Discover the most popular and inspiring quotes and sayings on the topic of Evergreen. Share them with your friends on social media platforms like Facebook, Twitter, or your personal blogs, and let the world be inspired by their powerful messages. Here are the Top 100 Evergreen Quotes And Sayings by 92 Authors including William C. Bryant,Jean Hersey,Lewis Carroll,Jacquetta Hawkes,George Nakashima for you to enjoy and share.
Glorious are the woods in their latest gold and crimson, Yet our full-leaved willows are in the freshest green. Such a kindly autumn, so mercifully dealing With the growths of summer, I never yet have seen.
October arrives in a swirl of fragrant blue leaf smoke, the sweetness of slightly frosted MacIntosh apples, and little hard acorns falling. We are in the midst of cool crisp days, purple mists, and Nature recklessly tossing her whole palette of dazzling tones through fields and woodlands.
In spring, when woods are getting green, I'll try and tell you what I mean.

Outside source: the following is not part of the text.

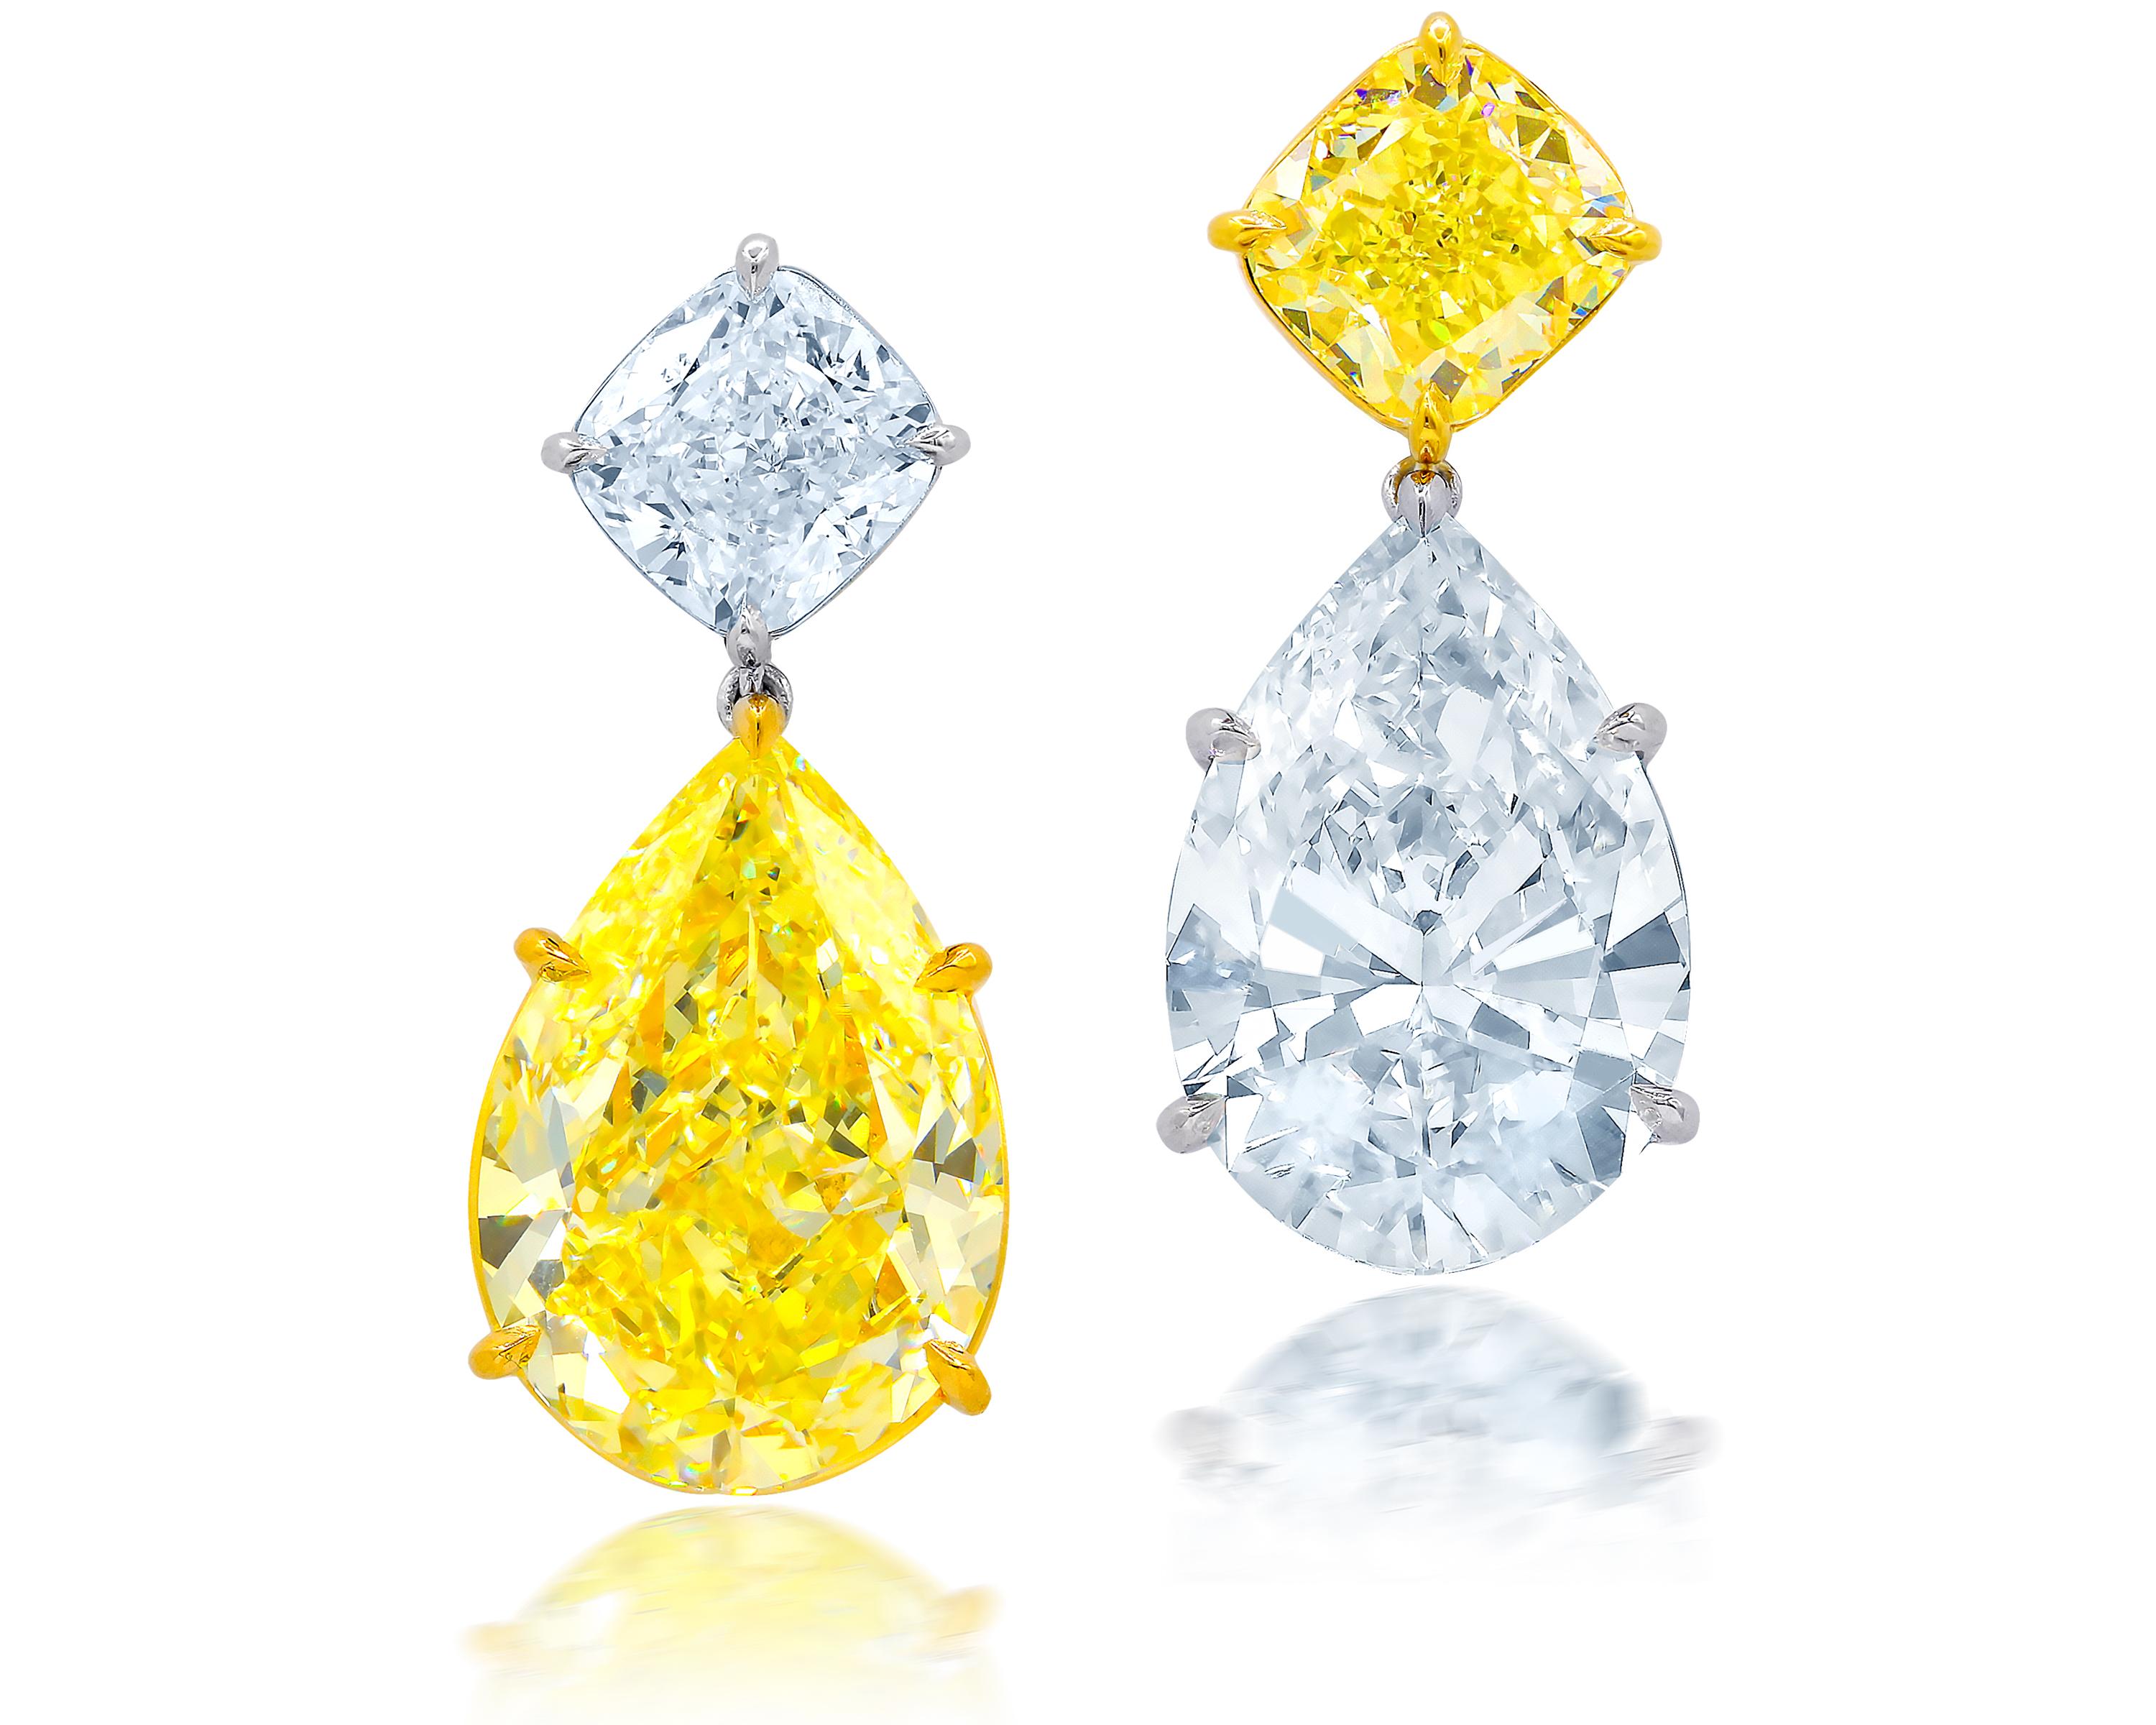 Magnificent 18tk and platinum diamond earrings with pear shape (psc293)14.73 fvs2 and (psc301)15.91 hanging on bottom and tops are  (radc826)4.00ct   cushion fancy intense yellow vs1 and 4.01ct  e vs2 cushion  (rads1052)

In the sheltered heart of the clumps last year's foliage still clings to the lower branches, tatters of orange that mutter with the passage of the wind, the talk of old women warning the green generation of what they, too, must come to when the sap runs back.
A tree is our most intimate contact with nature.
And as, when all the summer trees are seen So bright and green, The Holly leaes a sober hue display Less bright than they, But when the bare and wintry woods we see, What then so cheerful as the Holly-tree?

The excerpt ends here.